## Listed entries
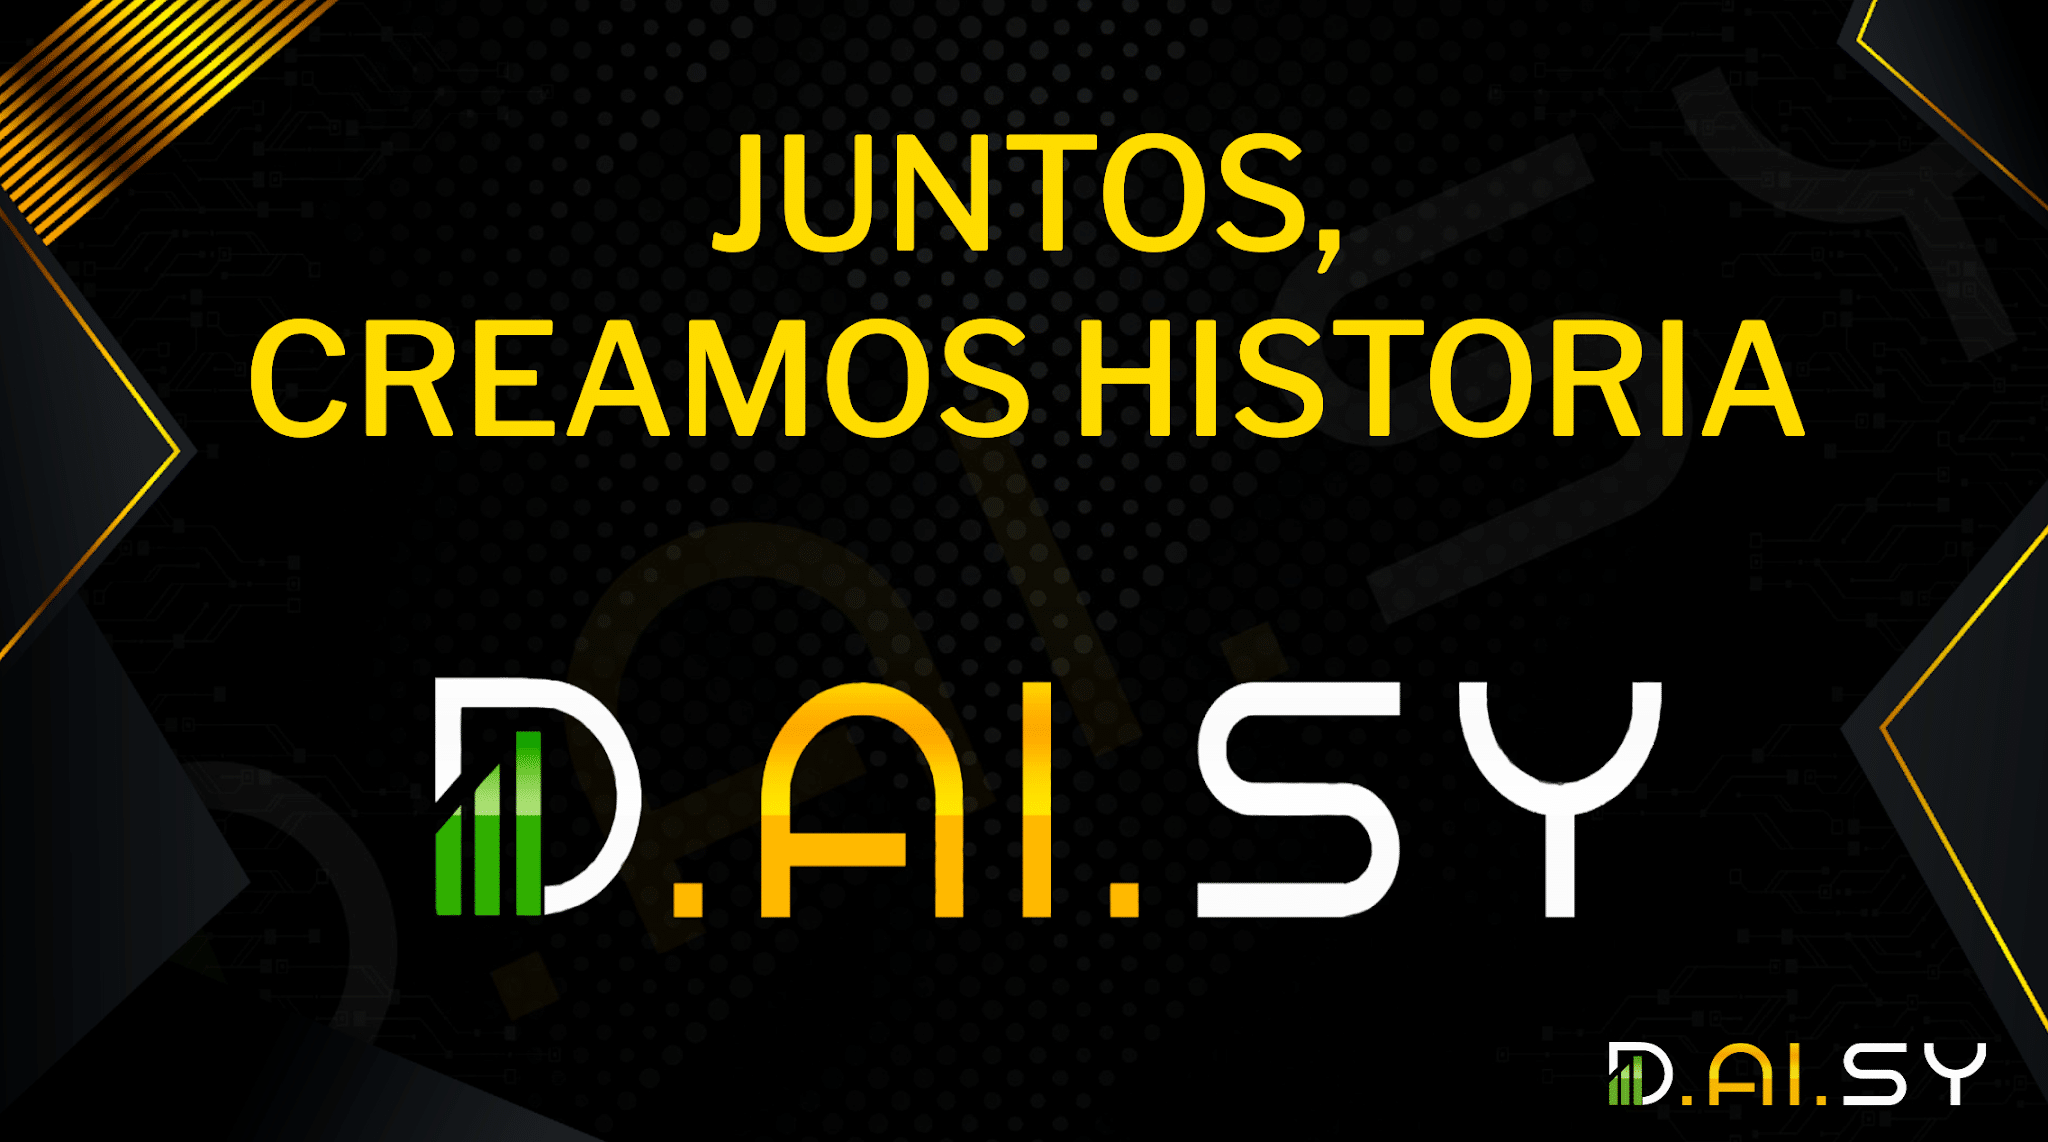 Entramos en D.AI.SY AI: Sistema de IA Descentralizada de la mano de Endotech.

...

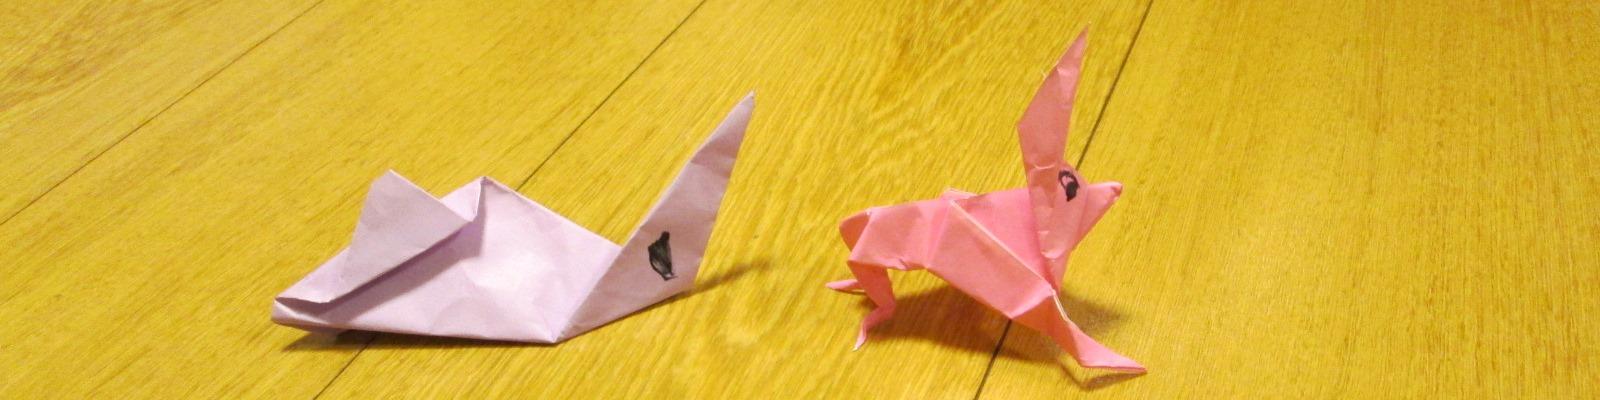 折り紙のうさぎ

* * *

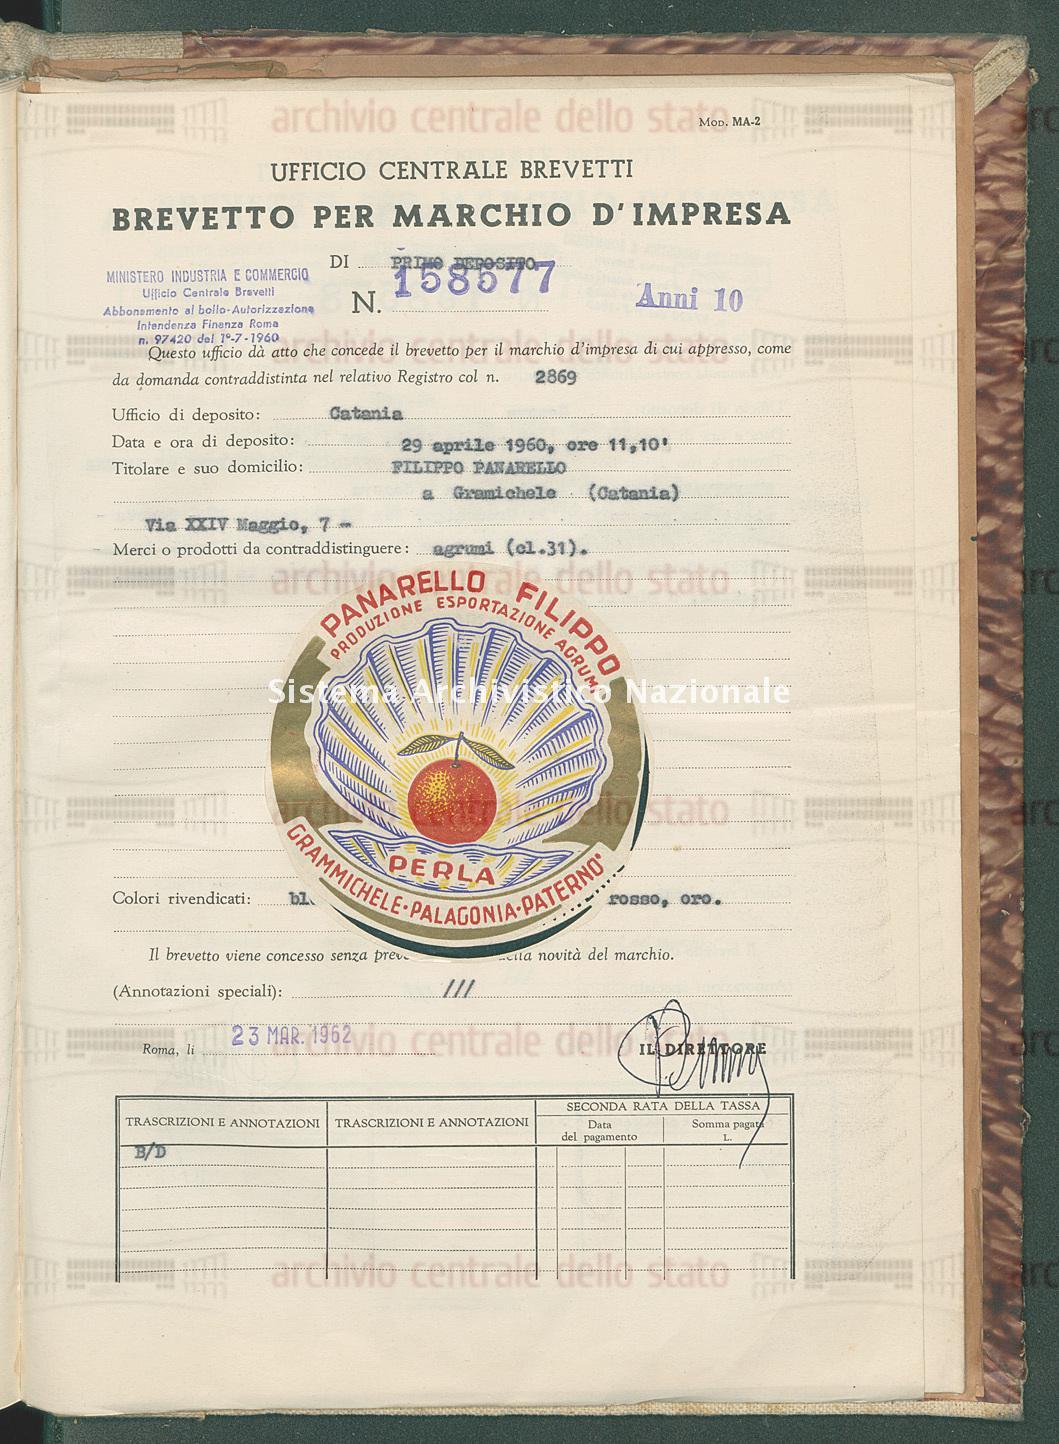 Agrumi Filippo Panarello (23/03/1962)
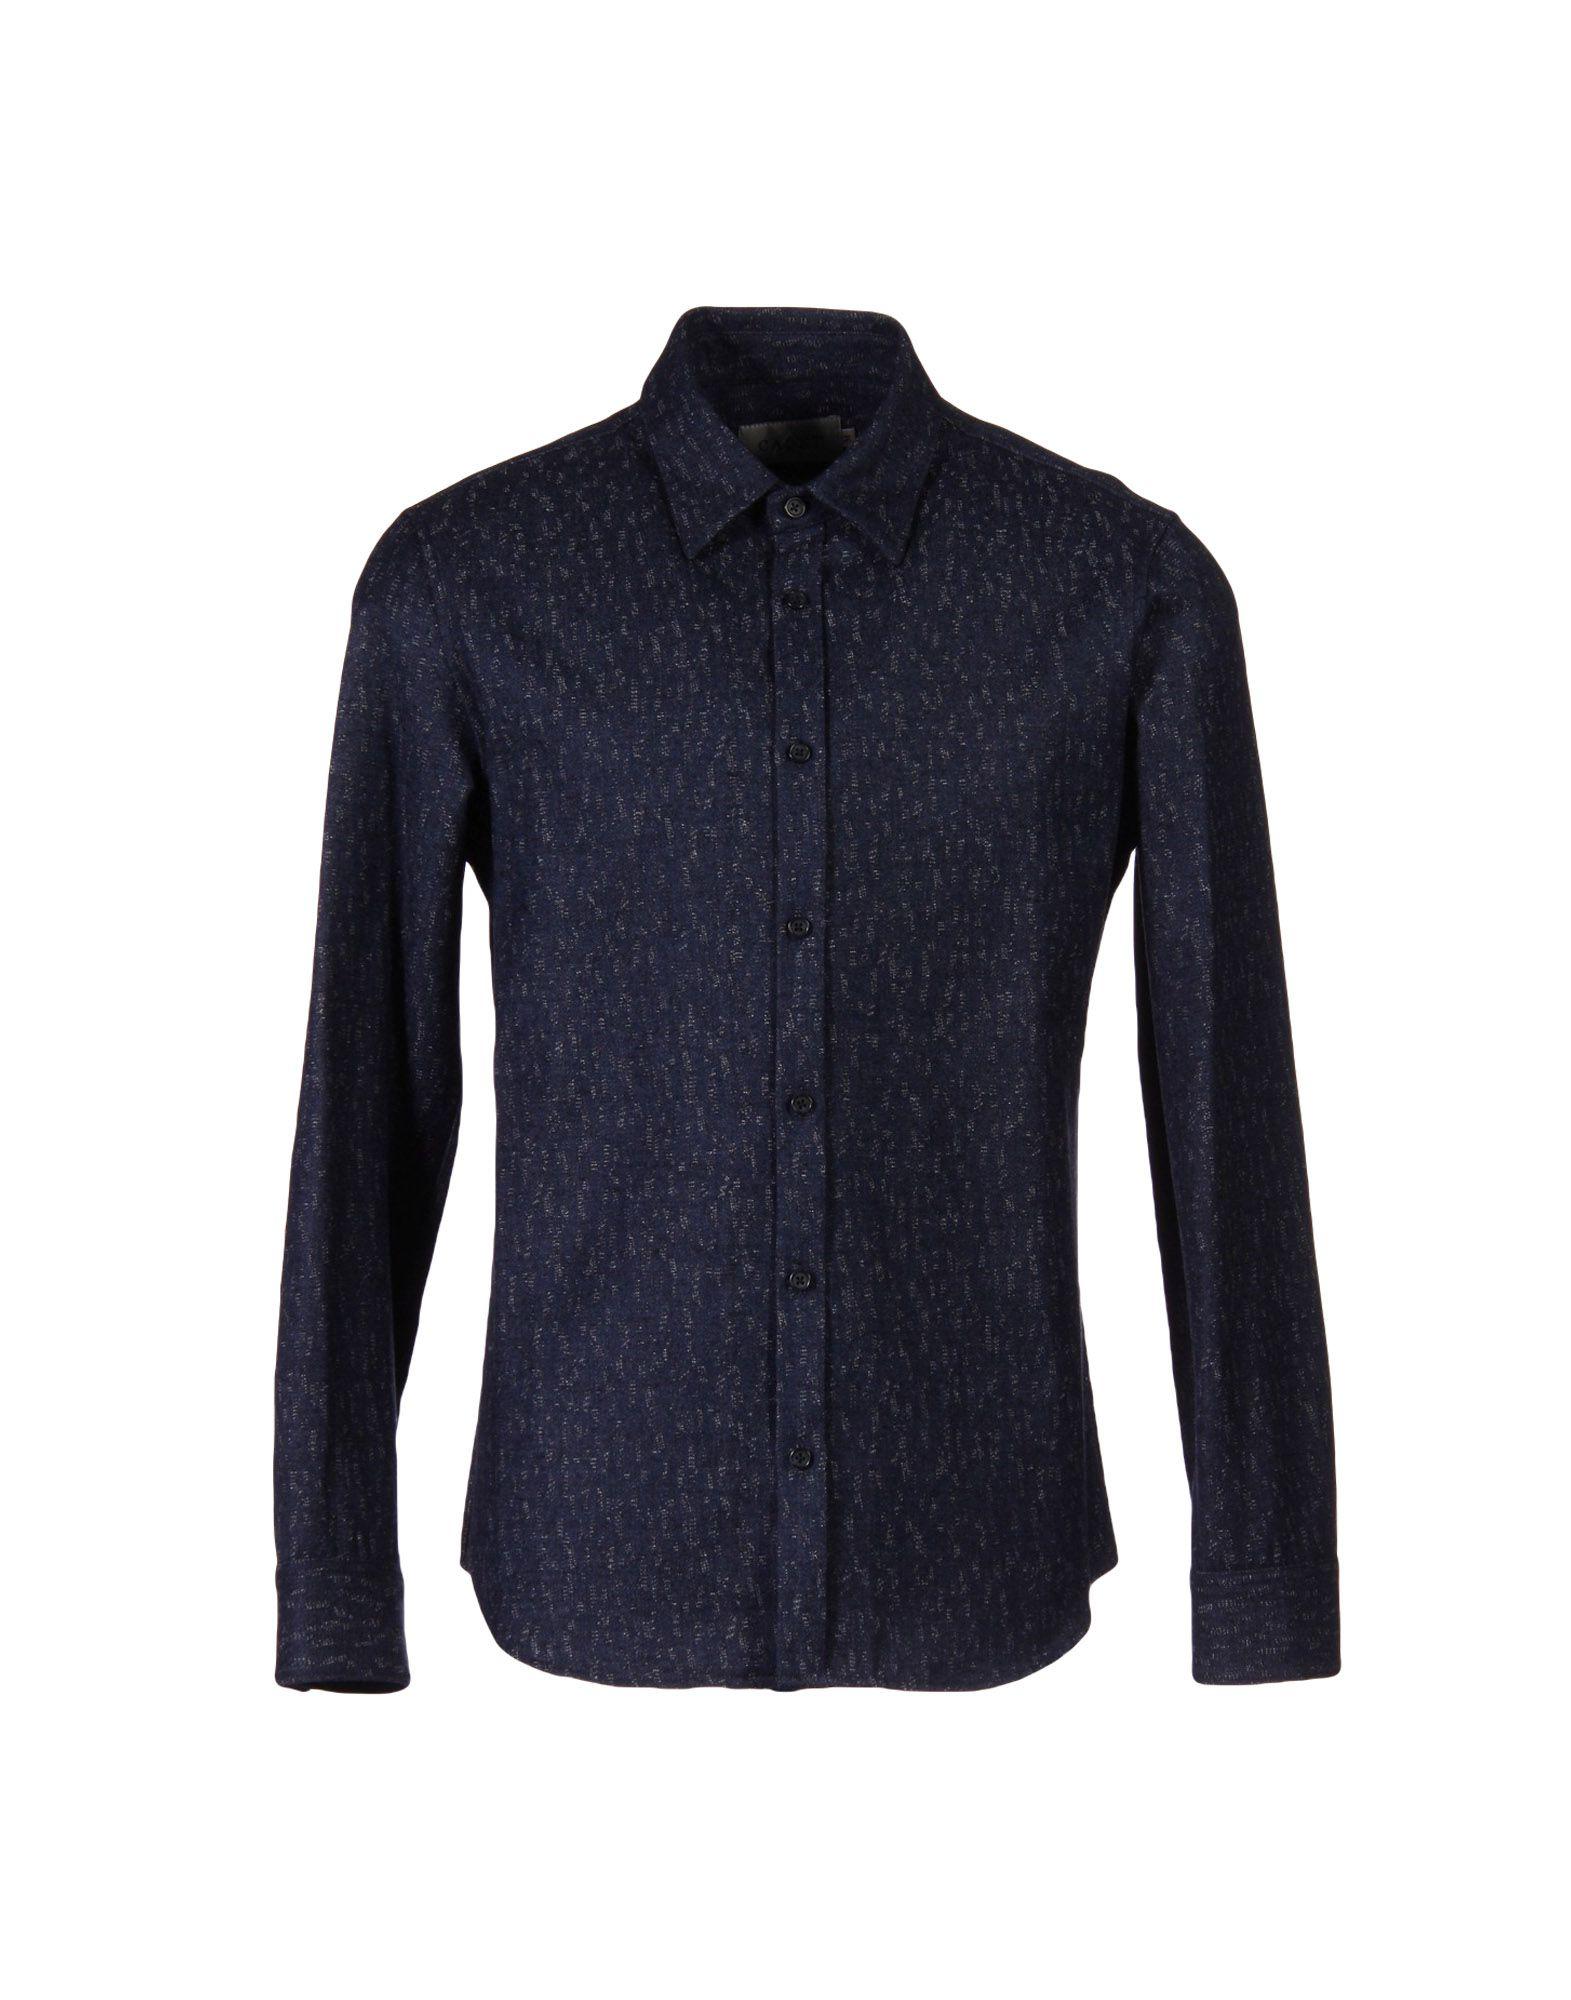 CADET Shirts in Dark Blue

## Directions
Would you transcribe the lines above exactly, going from the line bearing "Agrumi Filippo Panarello (23/03/1962)" through the line bearing "CADET Shirts in Dark Blue", and drop the pictures from the copy?

## Written answer
 Agrumi Filippo Panarello (23/03/1962)
 CADET Shirts in Dark Blue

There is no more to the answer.